Required work: Look through the material below and return every line that contains "MATCH".

Recorded information:

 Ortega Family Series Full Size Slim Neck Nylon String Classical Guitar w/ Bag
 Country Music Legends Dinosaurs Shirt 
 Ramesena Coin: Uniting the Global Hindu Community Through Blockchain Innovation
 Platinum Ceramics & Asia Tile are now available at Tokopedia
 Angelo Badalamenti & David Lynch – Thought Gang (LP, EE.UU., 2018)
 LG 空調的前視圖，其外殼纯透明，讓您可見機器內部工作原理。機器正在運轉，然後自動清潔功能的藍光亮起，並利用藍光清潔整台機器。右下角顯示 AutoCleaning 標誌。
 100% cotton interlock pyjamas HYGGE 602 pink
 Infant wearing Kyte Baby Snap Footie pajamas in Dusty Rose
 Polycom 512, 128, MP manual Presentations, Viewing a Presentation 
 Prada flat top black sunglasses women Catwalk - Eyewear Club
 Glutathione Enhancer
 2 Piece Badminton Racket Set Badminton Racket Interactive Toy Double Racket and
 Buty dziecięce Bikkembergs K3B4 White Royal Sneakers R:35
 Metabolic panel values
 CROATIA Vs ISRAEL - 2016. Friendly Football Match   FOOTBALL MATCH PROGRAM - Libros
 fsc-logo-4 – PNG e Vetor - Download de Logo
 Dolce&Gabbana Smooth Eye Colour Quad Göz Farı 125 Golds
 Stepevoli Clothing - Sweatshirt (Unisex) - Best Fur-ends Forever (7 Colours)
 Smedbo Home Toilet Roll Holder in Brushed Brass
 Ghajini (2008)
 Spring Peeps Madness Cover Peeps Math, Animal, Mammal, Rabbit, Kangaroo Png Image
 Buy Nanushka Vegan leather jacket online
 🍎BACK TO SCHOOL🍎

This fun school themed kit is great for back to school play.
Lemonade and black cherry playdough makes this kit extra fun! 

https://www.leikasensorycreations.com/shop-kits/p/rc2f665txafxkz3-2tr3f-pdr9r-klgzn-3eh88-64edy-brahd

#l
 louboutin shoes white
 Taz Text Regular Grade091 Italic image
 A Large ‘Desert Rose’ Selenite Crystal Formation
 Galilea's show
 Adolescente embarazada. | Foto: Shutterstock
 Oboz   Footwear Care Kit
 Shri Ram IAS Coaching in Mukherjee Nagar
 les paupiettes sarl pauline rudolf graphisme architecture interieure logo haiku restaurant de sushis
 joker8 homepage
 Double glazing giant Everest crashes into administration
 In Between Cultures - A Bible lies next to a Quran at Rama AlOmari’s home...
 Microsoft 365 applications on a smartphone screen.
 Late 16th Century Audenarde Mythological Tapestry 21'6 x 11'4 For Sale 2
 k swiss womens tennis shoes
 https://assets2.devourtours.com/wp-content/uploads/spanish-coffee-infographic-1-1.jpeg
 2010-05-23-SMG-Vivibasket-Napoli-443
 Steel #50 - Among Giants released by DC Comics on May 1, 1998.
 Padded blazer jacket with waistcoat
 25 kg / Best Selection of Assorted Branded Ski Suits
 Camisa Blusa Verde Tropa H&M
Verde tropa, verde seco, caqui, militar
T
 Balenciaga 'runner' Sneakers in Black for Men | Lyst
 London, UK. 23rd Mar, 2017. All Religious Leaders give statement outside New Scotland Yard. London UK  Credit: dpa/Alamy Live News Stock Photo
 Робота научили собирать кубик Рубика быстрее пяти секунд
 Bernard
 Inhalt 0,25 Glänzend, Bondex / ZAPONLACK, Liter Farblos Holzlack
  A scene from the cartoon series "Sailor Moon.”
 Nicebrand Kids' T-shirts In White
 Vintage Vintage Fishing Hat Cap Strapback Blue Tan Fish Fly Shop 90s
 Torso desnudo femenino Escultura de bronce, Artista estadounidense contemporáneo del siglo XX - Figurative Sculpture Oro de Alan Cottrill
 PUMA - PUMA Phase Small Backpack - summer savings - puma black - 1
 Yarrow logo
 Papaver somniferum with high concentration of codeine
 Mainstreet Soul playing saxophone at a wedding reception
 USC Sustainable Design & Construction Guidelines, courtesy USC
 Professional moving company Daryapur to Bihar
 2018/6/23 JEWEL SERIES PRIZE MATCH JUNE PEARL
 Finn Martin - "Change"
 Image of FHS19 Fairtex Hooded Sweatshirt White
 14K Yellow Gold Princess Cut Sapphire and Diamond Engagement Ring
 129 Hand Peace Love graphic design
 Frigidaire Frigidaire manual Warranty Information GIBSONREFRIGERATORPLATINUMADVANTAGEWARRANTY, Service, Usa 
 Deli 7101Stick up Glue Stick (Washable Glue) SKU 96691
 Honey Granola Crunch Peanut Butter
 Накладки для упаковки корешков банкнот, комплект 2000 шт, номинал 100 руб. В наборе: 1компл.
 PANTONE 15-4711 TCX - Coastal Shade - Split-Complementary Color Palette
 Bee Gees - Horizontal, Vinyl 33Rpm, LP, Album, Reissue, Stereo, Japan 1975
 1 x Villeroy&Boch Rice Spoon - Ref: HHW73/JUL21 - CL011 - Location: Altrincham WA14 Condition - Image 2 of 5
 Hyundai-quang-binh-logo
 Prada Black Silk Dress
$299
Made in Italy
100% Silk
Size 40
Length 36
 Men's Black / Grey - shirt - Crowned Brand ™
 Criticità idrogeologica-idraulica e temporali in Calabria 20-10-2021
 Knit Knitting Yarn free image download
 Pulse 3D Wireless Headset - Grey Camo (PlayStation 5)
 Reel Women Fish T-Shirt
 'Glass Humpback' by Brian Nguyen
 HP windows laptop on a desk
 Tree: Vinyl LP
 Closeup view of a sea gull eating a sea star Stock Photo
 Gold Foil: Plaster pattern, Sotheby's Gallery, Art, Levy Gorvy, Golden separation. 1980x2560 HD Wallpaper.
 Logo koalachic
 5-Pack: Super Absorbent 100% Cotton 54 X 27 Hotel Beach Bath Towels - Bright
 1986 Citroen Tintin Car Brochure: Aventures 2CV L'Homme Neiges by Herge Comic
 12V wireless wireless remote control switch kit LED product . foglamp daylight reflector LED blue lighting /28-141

Your solution:
 CROATIA Vs ISRAEL - 2016. Friendly Football Match   FOOTBALL MATCH PROGRAM - Libros
 2018/6/23 JEWEL SERIES PRIZE MATCH JUNE PEARL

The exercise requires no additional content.